Xandão pelo Anzhi, da Rússia - Divulgação - Divulgação
Imagem: Divulgação

Marcello De Vico e Vanderlei Lima

Do UOL, em Santos e São Paulo

11/06/2017 04h00

Depois de um bom Campeonato Brasileiro pelo Grêmio Barueri, em 2009, ele chamou a atenção do São Paulo, clube o qual defendeu por dois anos. Deixou o Brasil há mais de cinco anos e, desde então, faz carreira na Europa – entre Portugal e Rússia. Com passaporte italiano nas mãos e agora livre para jogar como comunitário no continente, a ideia é permanecer por lá, mas o retorno ao Brasil não está descartado por Alexandre Luiz Reame, ou Xandão.

Hoje com 29 anos, Xandão conversou com o UOL Esporte direto de Údine, na Itália, onde resolvia os detalhes finais do passaporte italiano. Em conversa bastante descontraída, Xandão falou de tudo, especialmente do início da carreira, e recordou que a 'profissão futebol' poderia não estar em sua vida caso um técnico da base não tivesse mudado sua posição.

Ele ainda fala sobre a decepção que teve em uma peneira no São Paulo, o momento em que chegou a desistir do futebol, o que deu errado em sua passagem pelo Morumbi, os problemas que encarou em Portugal e na Rússia – rendendo até um impasse que está na Justiça até hoje – e a ‘sorte’ que Apodi teve ao trocar a Chapecoense pelo futebol europeu. Confira:

Zagueiro? Xandão queria é ser atacante...

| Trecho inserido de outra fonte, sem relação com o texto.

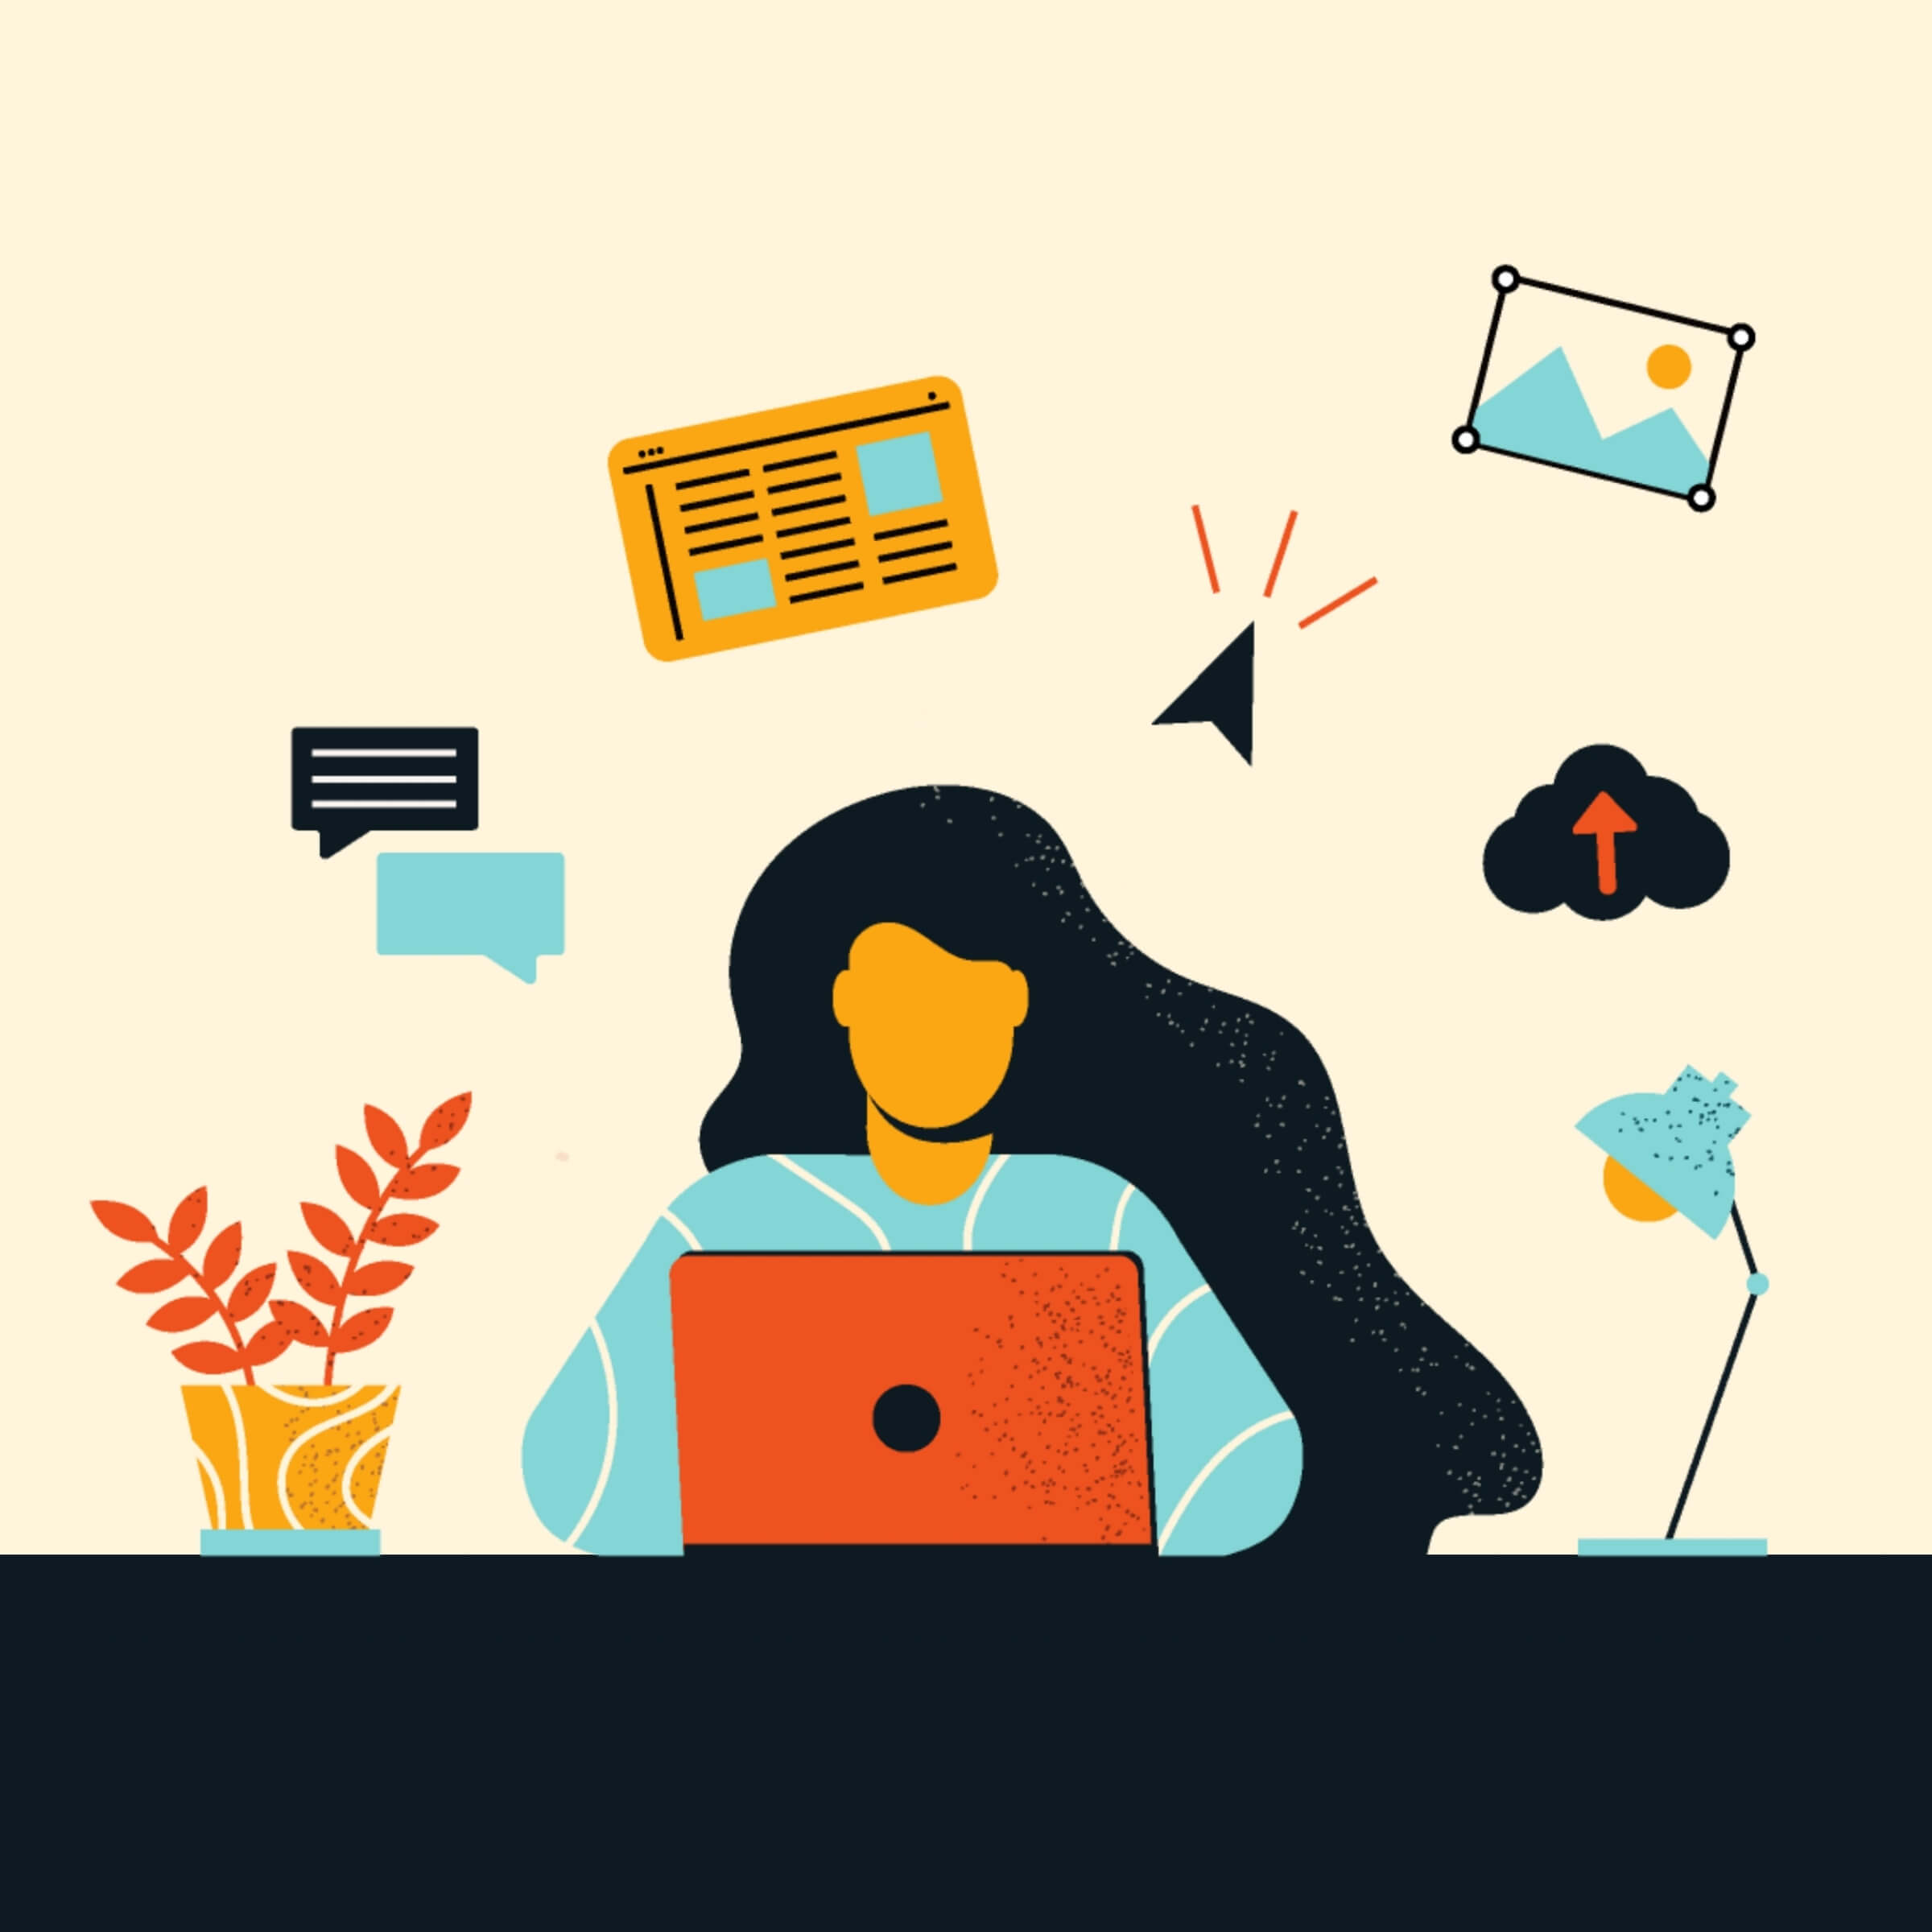 Flat illustration of a woman working on a laptop

Na minha infância e, até na adolescência, eu sempre fui atacante nas escolinhas em Araçatuba. Até os 13 anos de idade eu era centroavante e, inclusive, fazia muitos gols nos campeonatos. Modéstia à parte, eu era um artilheiro nato. A questão é que eu fui mudando de categoria e um dos treinadores na época, o professor Fernandinho - eu aos 13 anos - viu uma oportunidade devido ao meu porte físico, minha estatura e a escassez [de jogadores para a posição] para eu poder vingar como zagueiro.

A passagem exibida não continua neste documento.